Six Years of 'Short Takes' in the Life of Julian Singer
The odd thing about "What Happens Next?" is that it's almost not a novel at all…. [The chapters of the novel, first published as a series of stories,] still retain a shade of the disjunctiveness of individual stories, the more so since they vary widely in form and experimental technique. But the intensity of Rogin's central vision and the virtuosity of his prose are such that they cohere and build more surely, perhaps, than a formal, one-piece novel could have done….
[The first chapter] seems to contain echoes of Salinger (New York apartment-dwellers' family life), Bellow (the decedent melancholy of Verdi Square), Roth (the loneliness of the long-distance loser), and especially Perelman (surreal, hilarious conversations among television types). But in the second chapter, a blow-by-verbal-blow description of Singer's strangled relations with his second wife, the book begins to become something far richer and stranger than any mere comic account of city life….

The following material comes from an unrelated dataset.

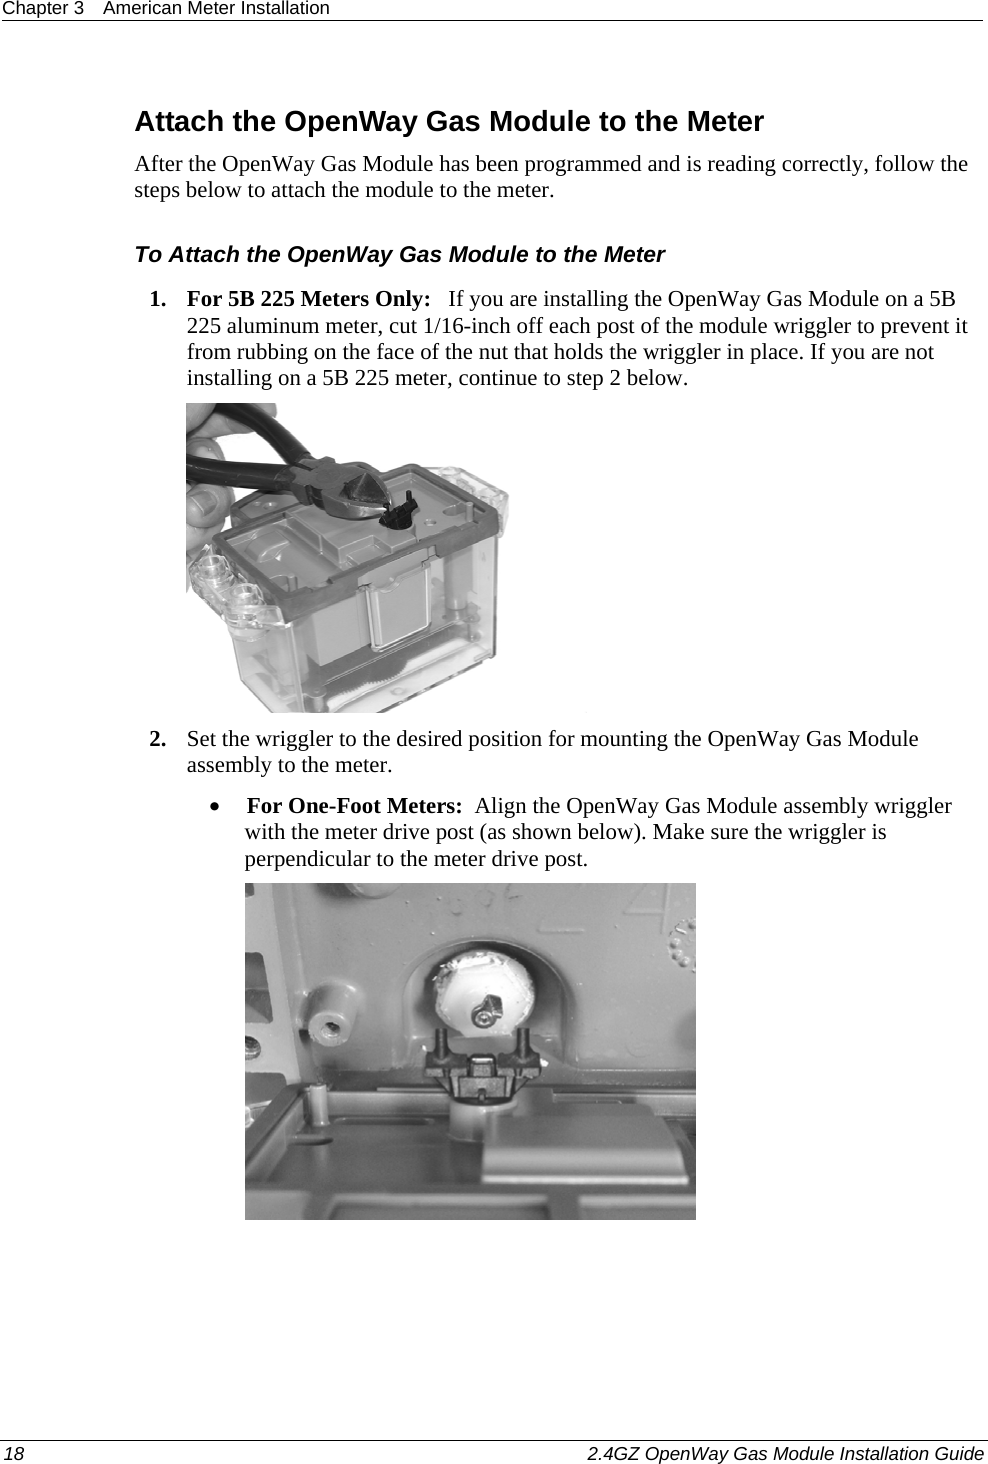 Chapter 3  American Meter Installation  18    2.4GZ OpenWay Gas Module Installation Guide    Attach the OpenWay Gas Module to the Meter After the OpenWay Gas Module has been programmed and is reading correctly, follow the steps below to attach the module to the meter. To Attach the OpenWay Gas Module to the Meter 1. For 5B 225 Meters Only:   If you are installing the OpenWay Gas Module on a 5B 225 aluminum meter, cut 1/16-inch off each post of the module wriggler to prevent it from rubbing on the face of the nut that holds the wriggler in place. If you are not installing on a 5B 225 meter, continue to step 2 below.   2. Set the wriggler to the desired position for mounting the OpenWay Gas Module assembly to the meter.  • For One-Foot Meters:  Align the OpenWay Gas Module assembly wriggler with the meter drive post (as shown below). Make sure the wriggler is perpendicular to the meter drive post.

[Tours] de force of technique conjure up the cast of characters not in one but in many incarnations. People who first appear as near stereotypes, though brilliantly rendered ones, like Singer's parents (his mother, by a feat of perfect pitch, stands revealed by her conversation as the spokesman of her pompous, comfortable, sure generation), mutate under shifting circumstances and viewpoints into the unassailable mysteries all people really are. Characters like Singer's wife, Daisy, grow in reality as they diminish in predictability, advancing to and receding from the central figure, coolly joking and hotly weeping in a constant, thwarted bid for notice.
Even the more minor characters, like the alcoholic first husband, whose moral capital fluctuates constantly around zero, possess such ineffable dignity that Singer's attempts to write them off result in a drop of his own quotation on the interpersonal market. (p. 6)

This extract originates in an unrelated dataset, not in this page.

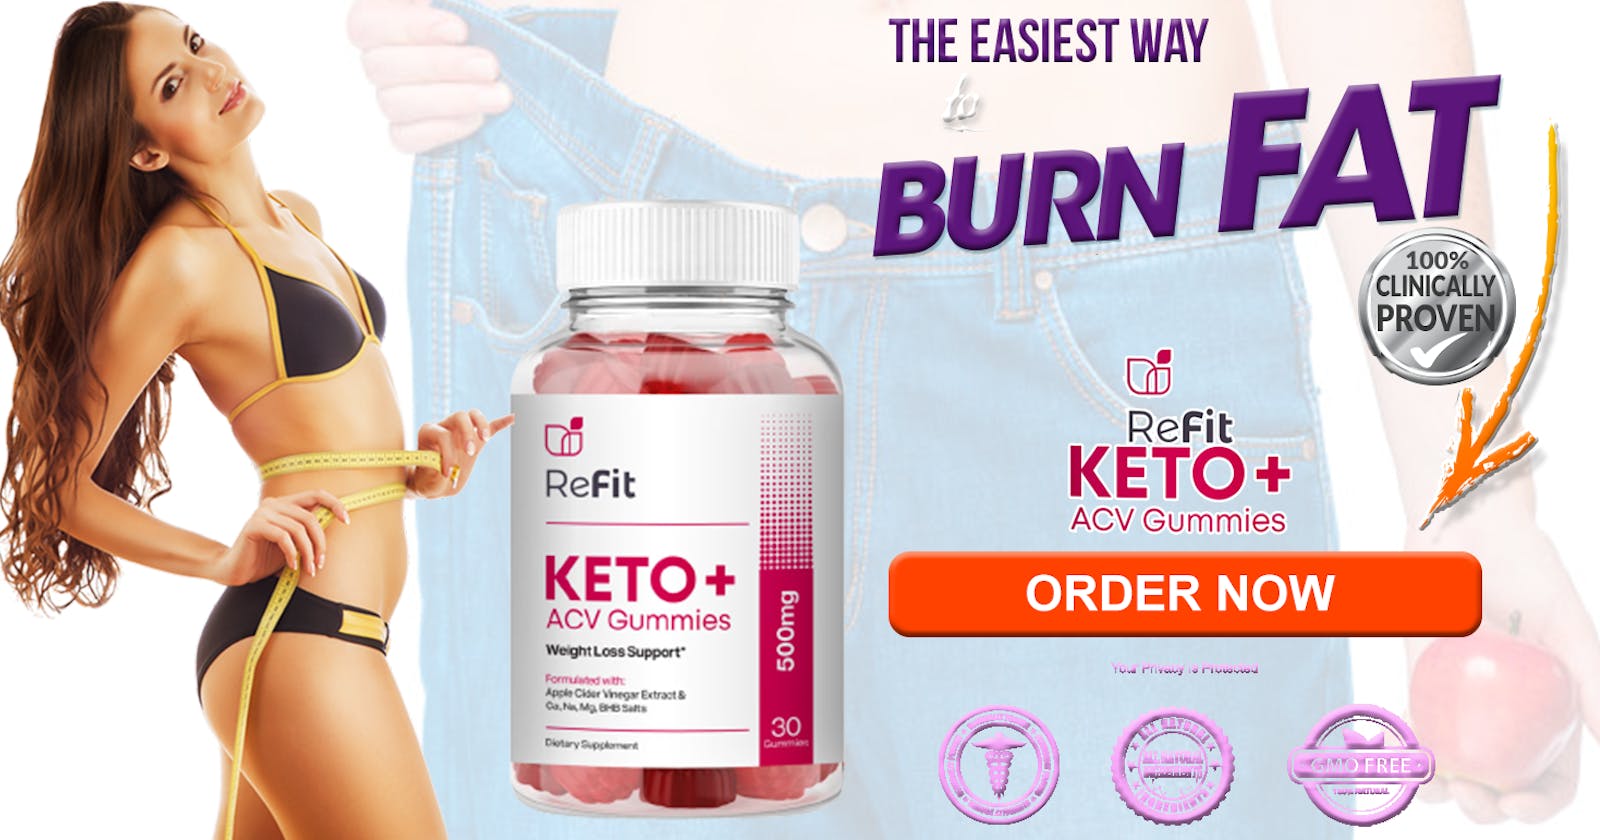 Refit Keto Gummies : Are They Safe For Lose Weight?

Though [the novel] proceeds with great verve and energy to create a certain kind of New York family and its relatives and friends, it is simultaneously creating something more; the universal character of Julian Singer, who, in his lostness, transcends origin and place and becomes some kind of archetypical American man. Every scrap, every line, every joke is in the service of this artfully lifelike portrait of ourselves. Julian's isolation, his anxieties, his guilt, his fumbling uncertainties, his comical losses, his failure to establish belief in himself, are at once existential, contemporary ailments and part of the timeless human estate.
This book, so dense in detail that it seems to build a whole forest of circumstance out of hundreds of tiny, individual trees, could be forgiven for lacking a climax beyond the weight of the sum of its parts. Yet it has one, and a dazzling one at that. (pp. 6, 22)
L. E. Sissman, "Six Years of 'Short Takes' in the Life of Julian Singer," in The New York Times Book Review (© 1971 by The New York Times Company; reprinted by permission), October 31, 1971, pp. 6, 22.